Nein, wirklich? Aber um Bäume zu durchsuchen eignet sich die Rekursion eben mehr als die Iteration...


> Ein Vektor ist synchronisiert, was für Deinen Fall unnötig ist.


Und du glaubst jetzt, das die ArrayList schneller ist, oder wie?


> Außerdem bedeutet !isFile() nicht, daß es ein Verzeichnis ist!


Was könnte es denn sonst noch alles sein? Es gibt nur File,Directory und Root, wobei Root auch als Verzeichnis gewertet wird.


----------



## Wortraum (26. Jun 2010)

agentone hat gesagt.:


> Nein, wirklich? Aber um Bäume zu durchsuchen eignet sich die Rekursion eben mehr als die Iteration...


Doch, doch, das war mein Ernst. 



> Und du glaubst jetzt, das die ArrayList schneller ist, oder wie?


Grundsätzlich? Ja. Hier ist es ohnehin egal, und ich erwähnte es nur, weil häufig Vektor falsch eingesetzt oder zumindest ohne das Wissen verwendet wird, daß ein Vektor synchronisiert ist. Ein Hinweis darauf kann also nicht schaden, denke ich mir. 



> Was könnte es denn sonst noch alles sein? Es gibt nur File,Directory und Root, wobei Root auch als Verzeichnis gewertet wird.


Spezielle Dateien, beispielsweise Pipes, Sockets oder Treiberschnittstellen.
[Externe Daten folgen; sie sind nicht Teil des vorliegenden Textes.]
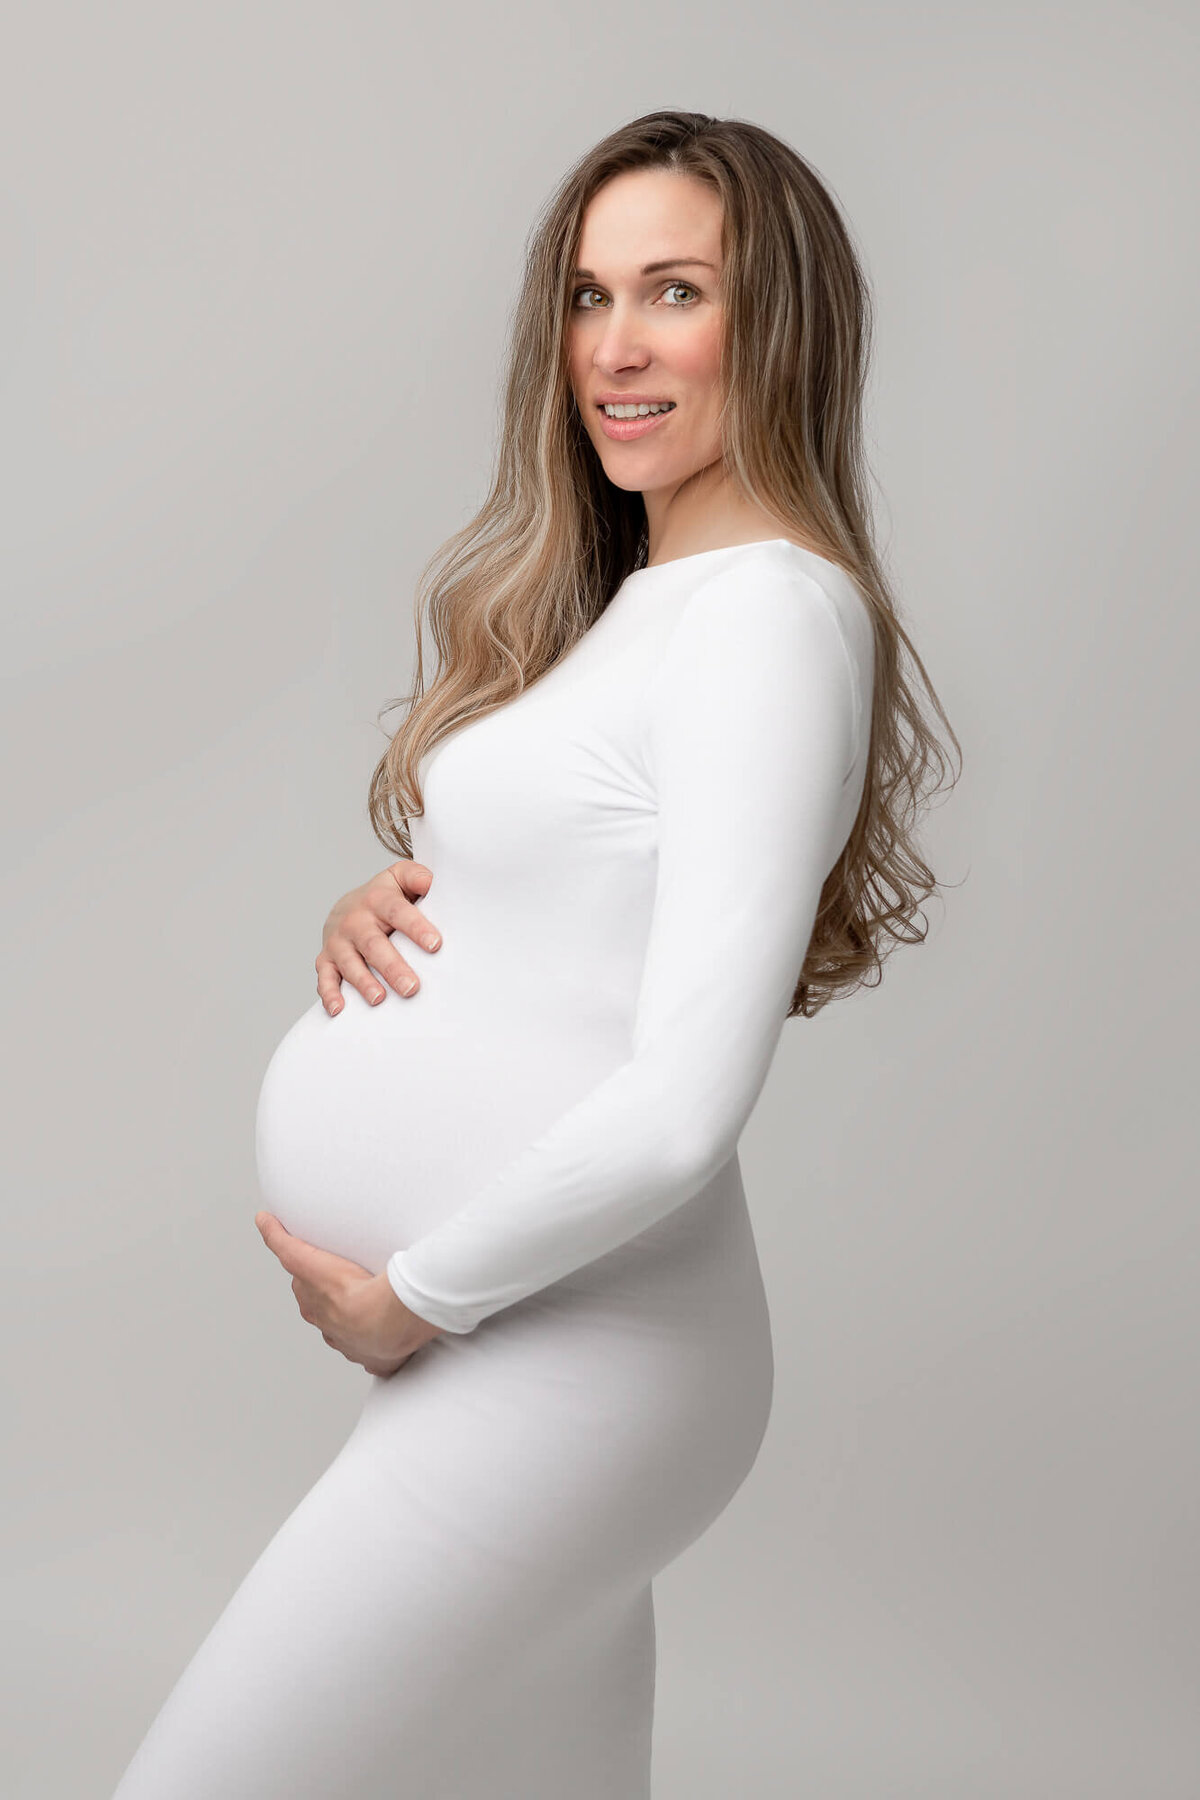 pregnancy photo of mom in white dress

Meines Wissens ist das abhängig vom Betriebssystem und nicht in Java spezifiziert.


----------



## agentone (27. Jun 2010)

> [...] weil häufig Vektor falsch eingesetzt oder zumindest ohne das Wissen verwendet wird, daß ein Vektor synchronisiert ist.
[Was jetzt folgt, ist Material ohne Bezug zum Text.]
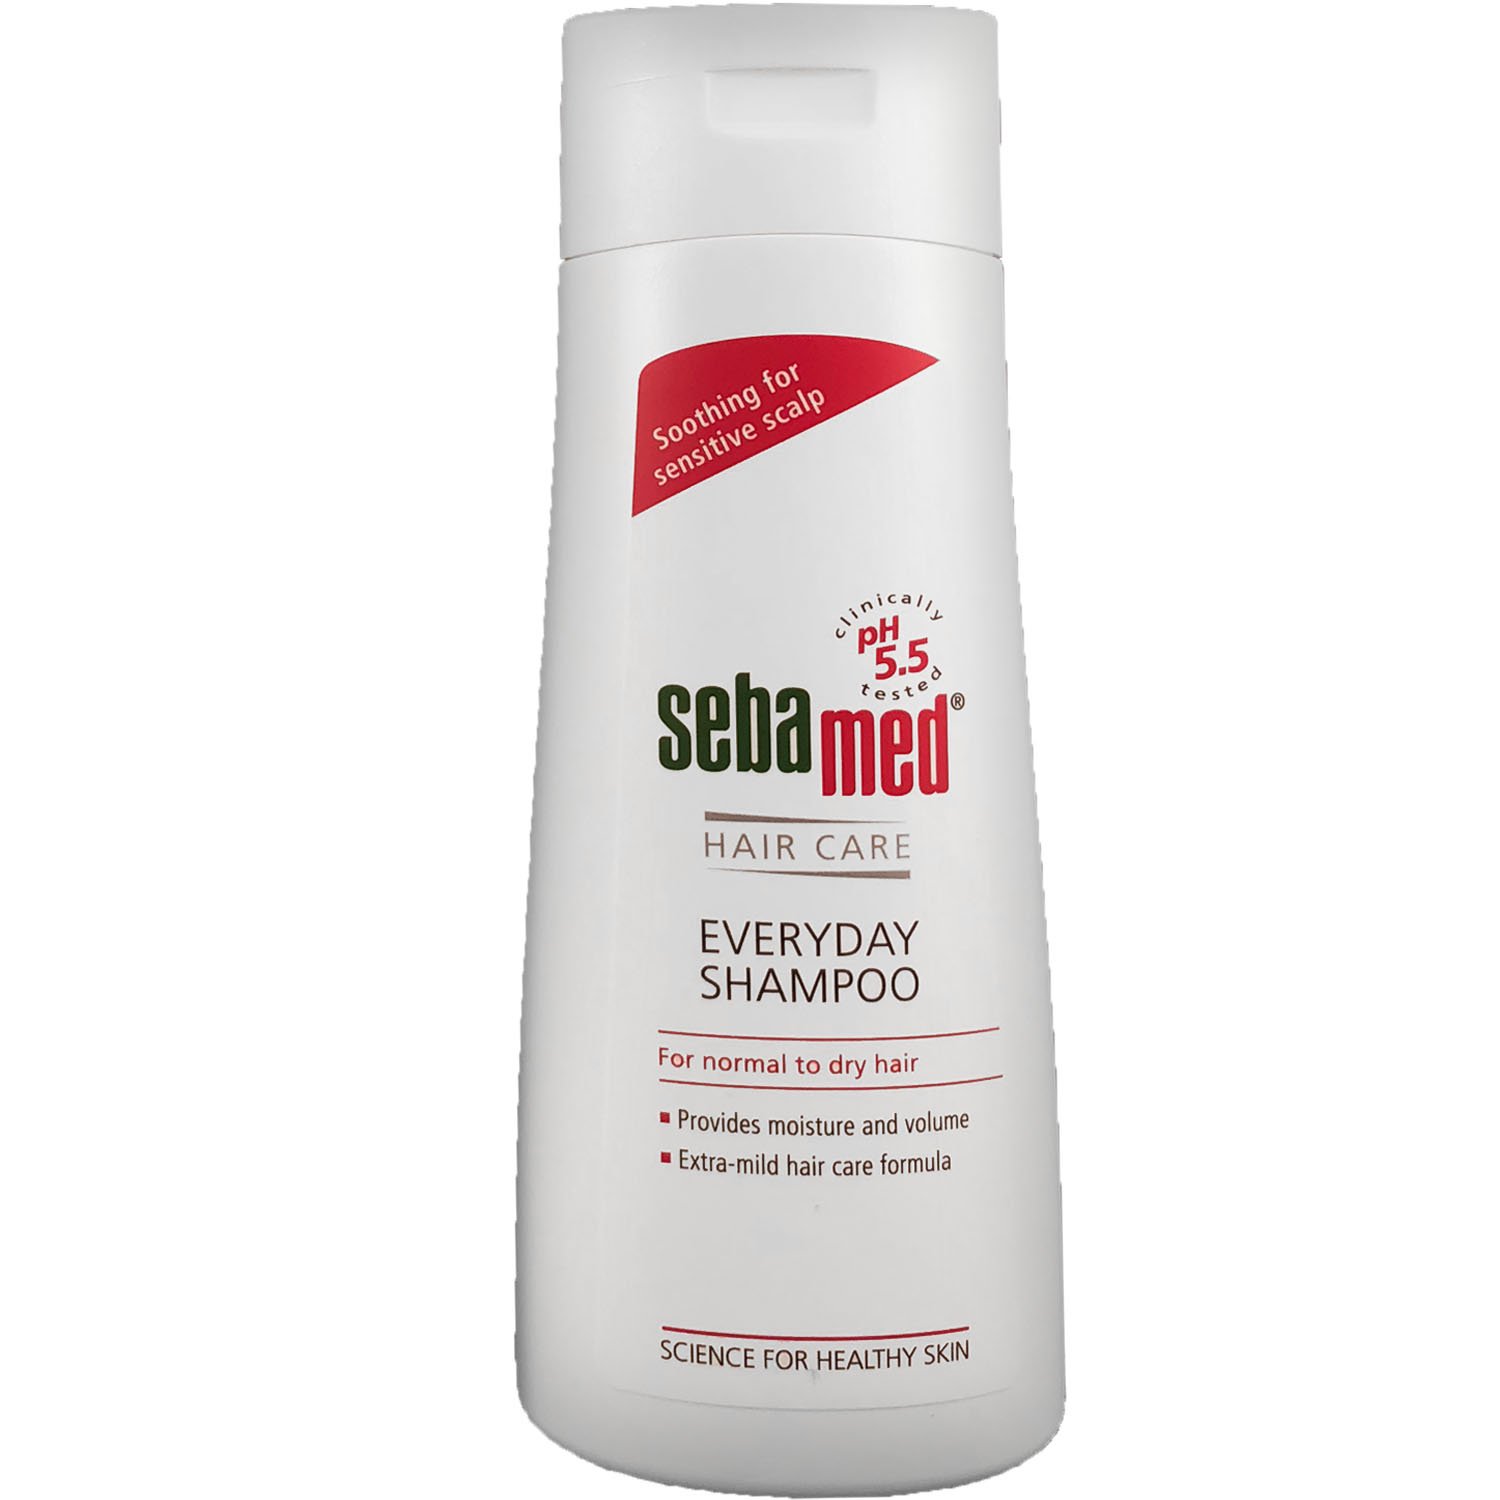 Шампунь Sebamed Hair Care для щоденного використання, 200 мл - фото 1

Ich wusste, dass Vector synchronisiert ist. Und ich habe es mir angewöhnt diesen zu verwenden, egal ob ich diese spezielle Eigenschaft benötige oder nicht. Auch wenn ihn manche als Quasi-Deprecated empfinden.



> Spezielle Dateien, beispielsweise Pipes, Sockets oder Treiberschnittstellen.
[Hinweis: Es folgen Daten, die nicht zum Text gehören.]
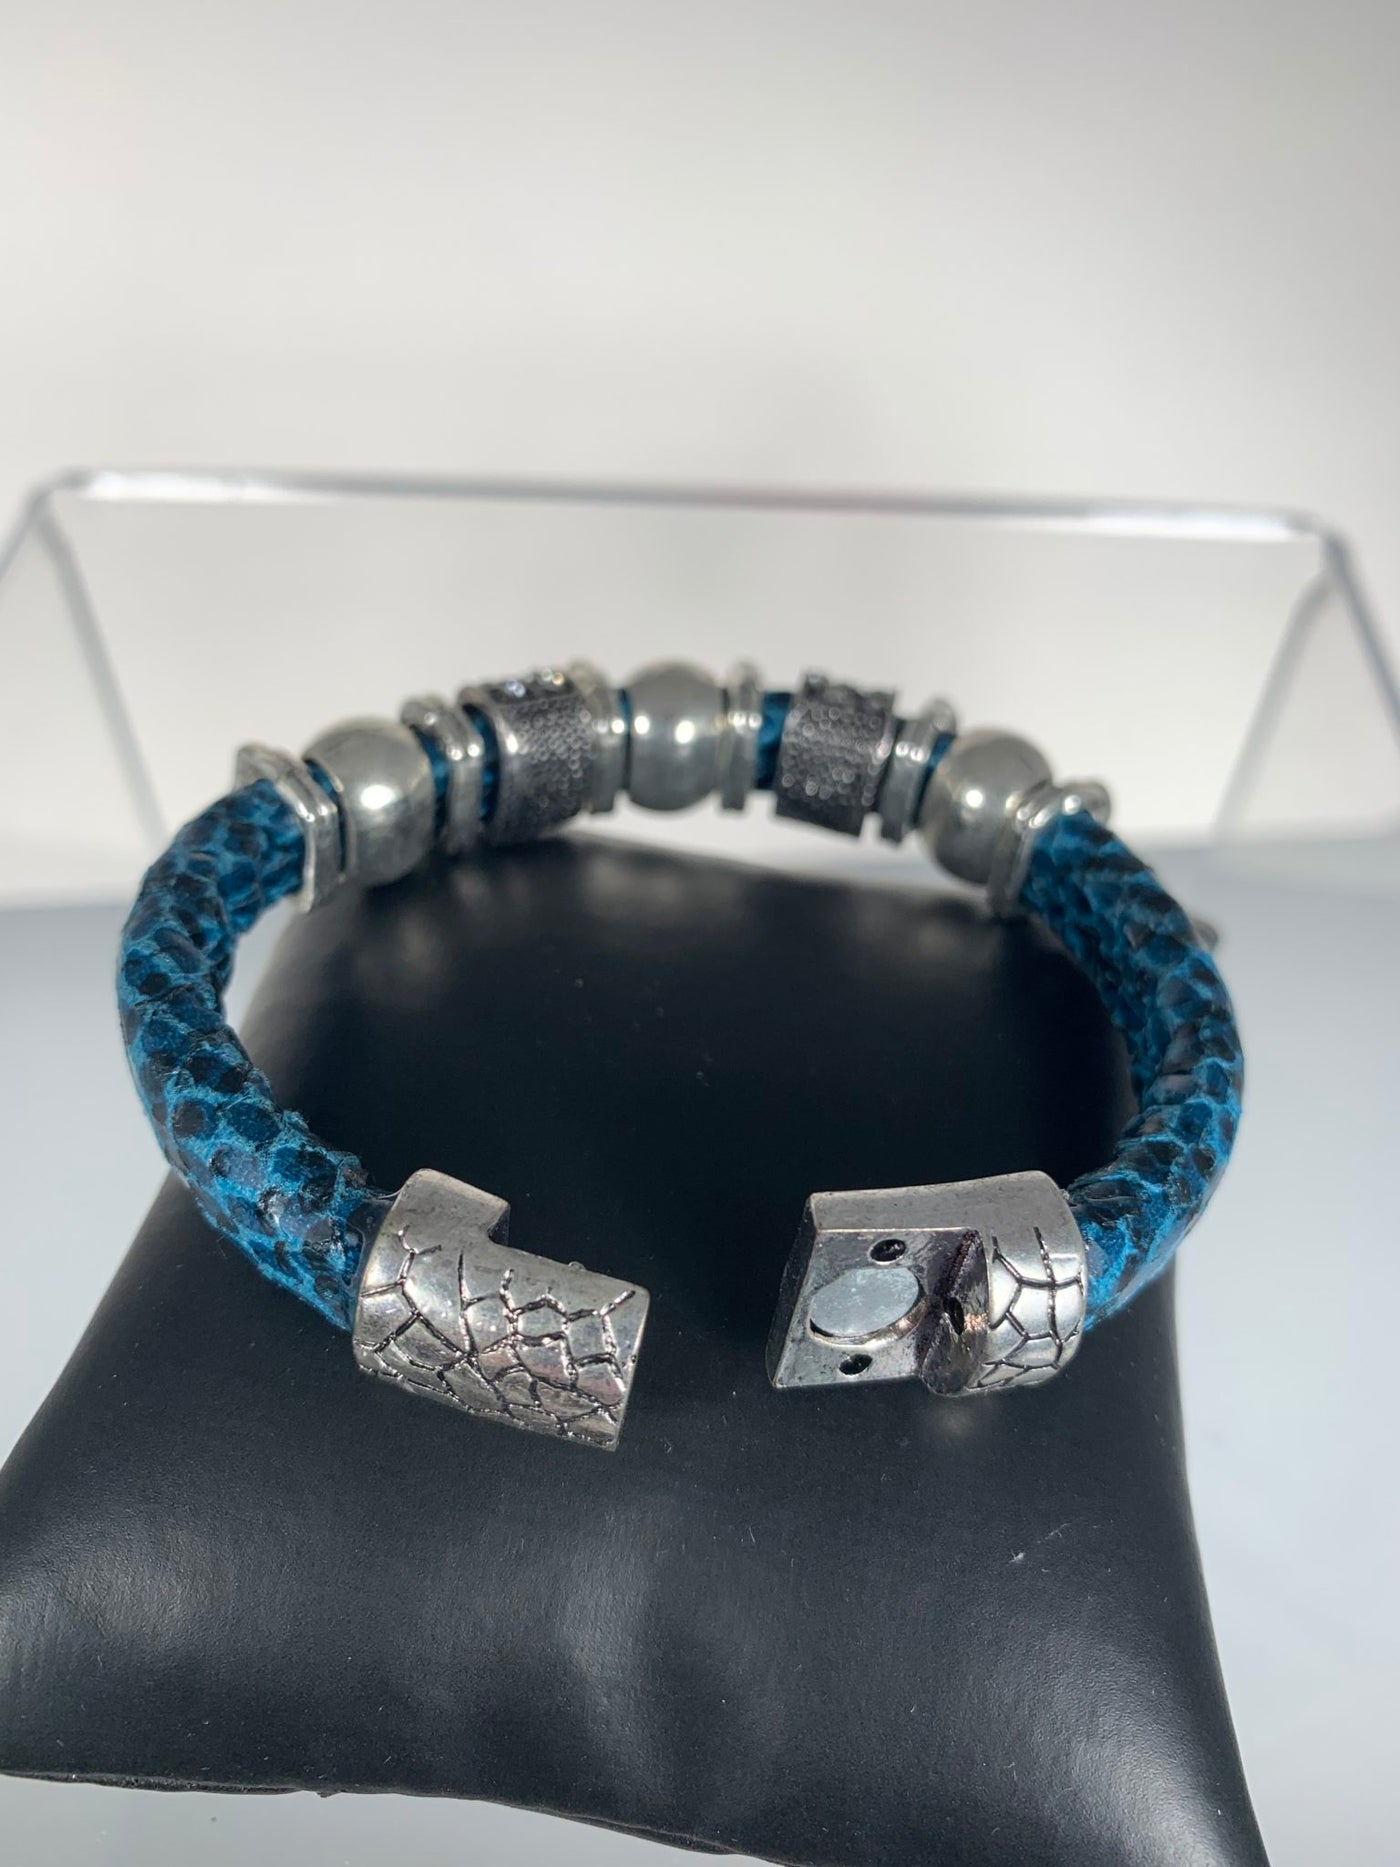 Blue Faux Snake Skin Band Bracelet with Sparks

Aha, und die können alle mit einem File-Objekt dargestellt, bzw. durch listFiles() zurückgegeben werden??


----------



## Wortraum (27. Jun 2010)

agentone hat gesagt.:


> Aha, und die können alle mit einem File-Objekt dargestellt, bzw. durch listFiles() zurückgegeben werden??


Ja, es handelt sich um normale Verzeichniseinträge, aber nicht um normale Dateien.


----------